Lee Pace in Driven (2018)

There was a film released early in 2019 to barely audible fanfare called Framing John DeLorean, a self-reflective documentary about why no-one in Hollywood had been able to make a film about the automotive clusterfuck that was the DeLorean Motor Company story.

It sees Alec Baldwin addressing the camera directly and rehearsing scenes from the life of the lanky, silver-fox General Motors hotshot who struck out on his own to realise his designs for a stainless steel dream machine, only to end up botching the financials and seeking a desperate cash boost from a hefty cocaine deal.

His professional and personal life is bloated with absurd and unbelievable twists, but its the sheer, thigh-slapping complexity that remains the reason why no studio would pony up the cash to bring this juicy yarn to the big screen.
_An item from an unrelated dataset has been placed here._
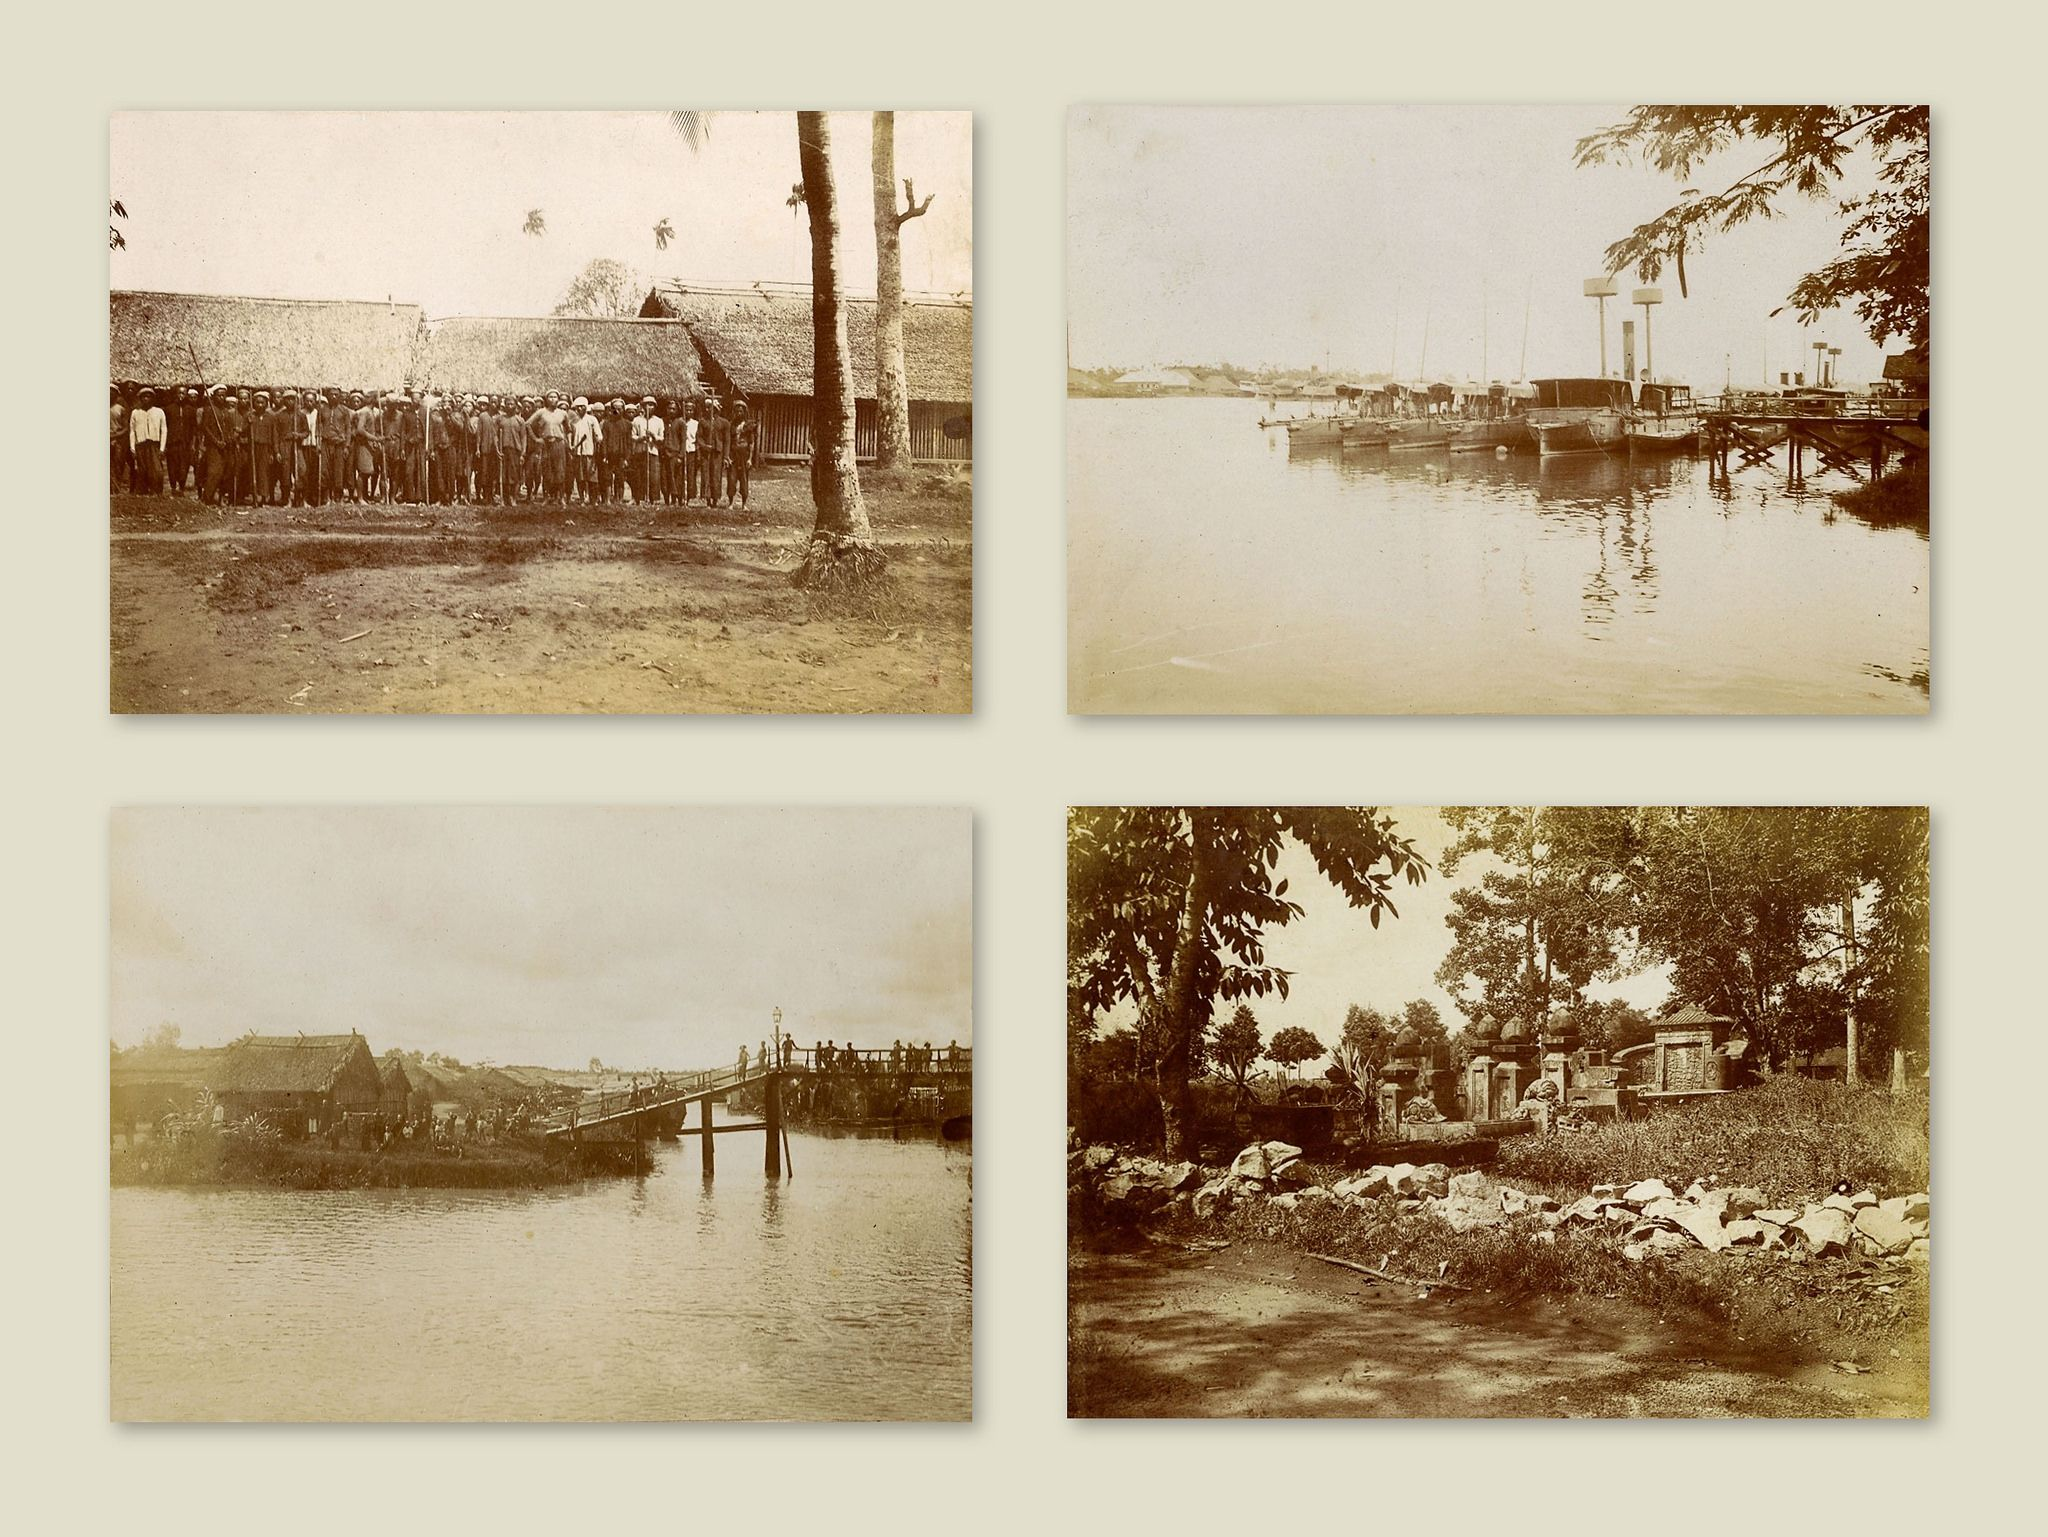 https://flic.kr/p/FyBAZi | NAM KỲ XƯA - Cochinchine 1898-1905 (5)
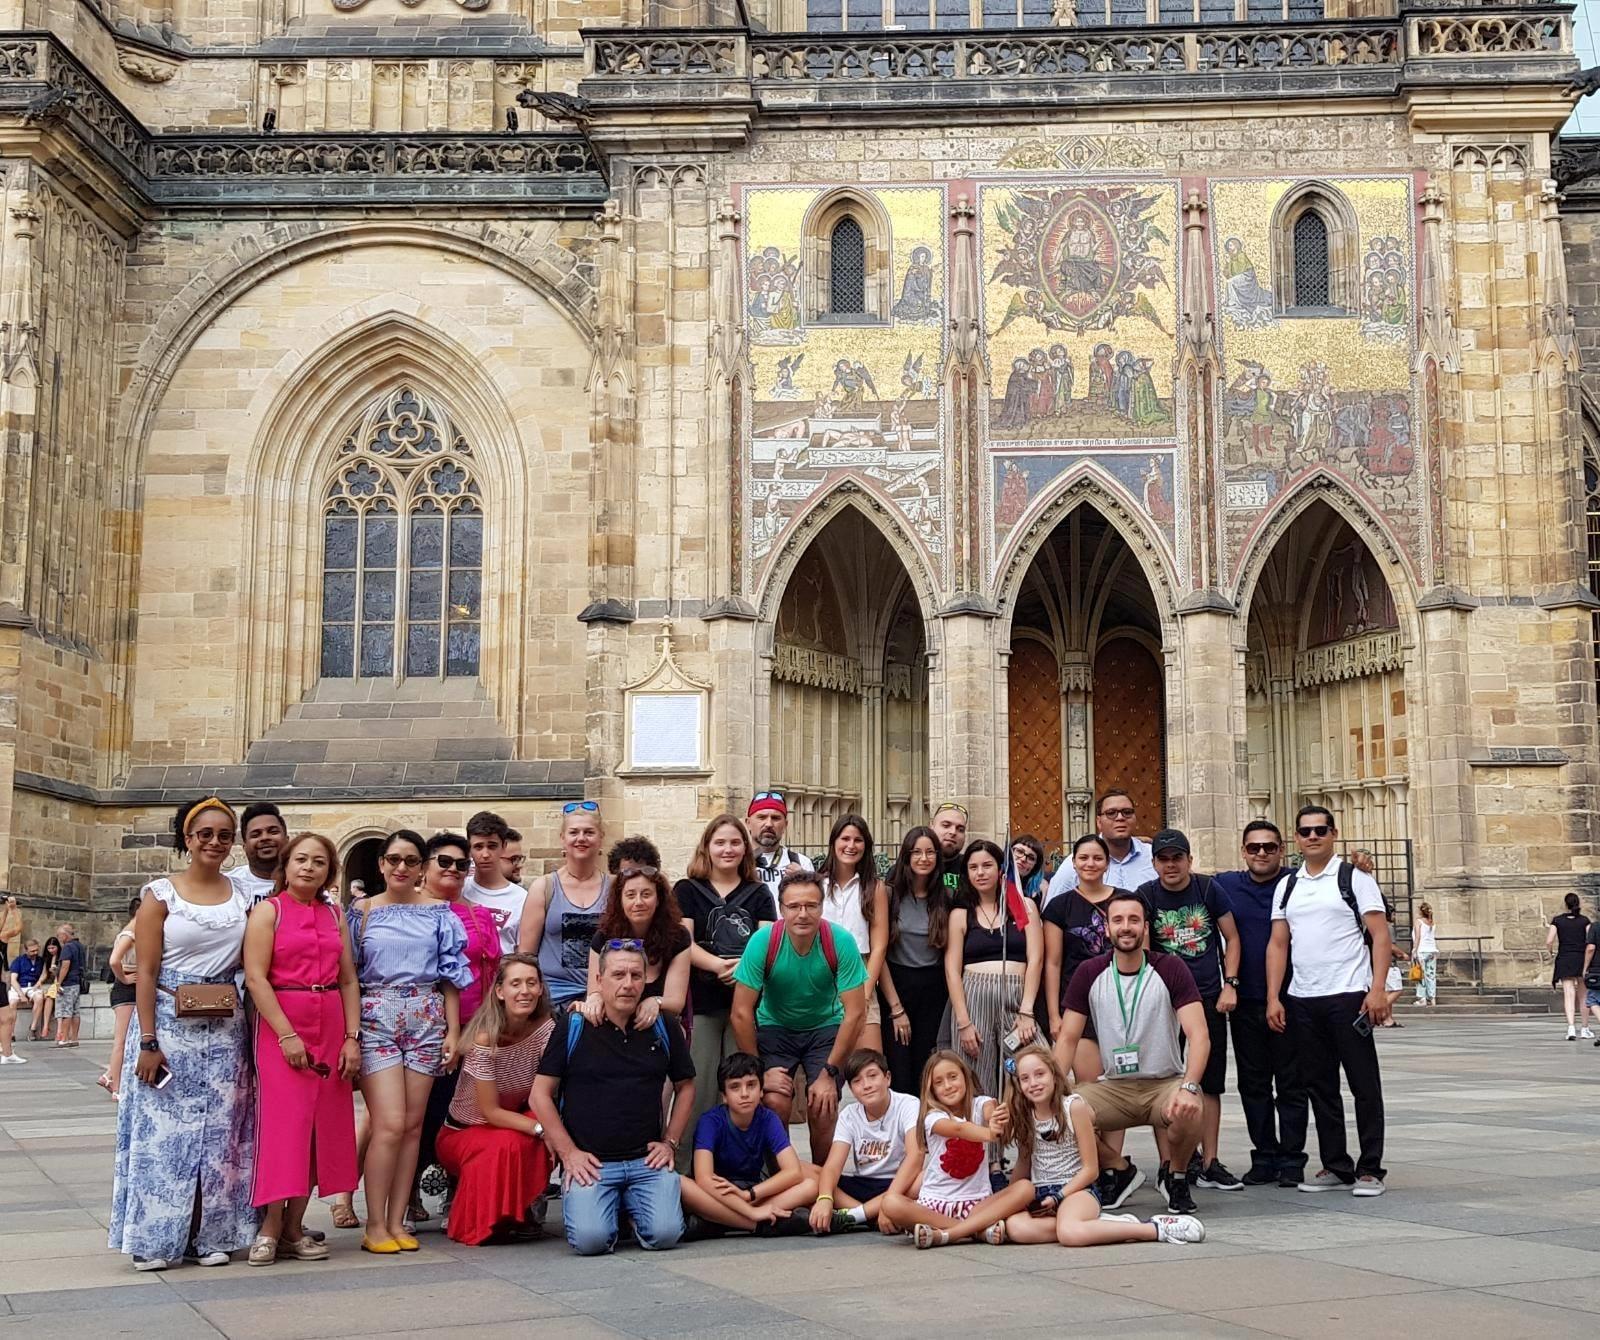 prague-castle-and-mala-strana-district-tour-14

Nick Hamm’s perky, glossy Driven takes a shot at the DeLorean saga, but enters surreptitiously via a side entrance.

It’s actually the story of cheeky, ask-no-questions air courier Jim Hoffman (Jason Sudeikis) who is busted with a compartment full of Class A drugs on his plane, and quickly accepts a plea deal to become an FBI informant in return for remaining out of jail. When the drug dealer who set him up proves too tough to finagle into a sting, Hoffman shifts focus to his debonair next door neighbour, John DeLorean (Lee Pace).

The film is played as a light comedy-drama rather than prestige biopic, less interested in capturing the mood and character of the era than it is milking the crazy situation. The details of Hoffman’s ruse are relayed in flashback via his court deposition where he is sat in front of the indicted, broken DeLorean.

Sudeikis plays Hoffman as a wide-eyed huckster who can’t quite judge his own moral desolation, while Pace (possibly in a different film?) plays it his DeLorean with a very straight bat – an entitled, lantern-jawed sophisticate unwilling to be trampled by Big Corporate America and prove that there’s still a place for the maverick with a plan, even if that plan is dangerously flawed.

The film rolls on at a decent clip, and makes the most of the snappy one-on-one conversation sequences. Yet Hamm and writer Colin Bateman are far too soft on everyone involved, presenting the two “heroes” as misguided innocents ensnared in a web of street crime and FBI corruption. It’s glib tone makes it very forgettable, perhaps to the point that someone else might tackle this rich material and give this controversial figure the objective examination he so obviously deserves.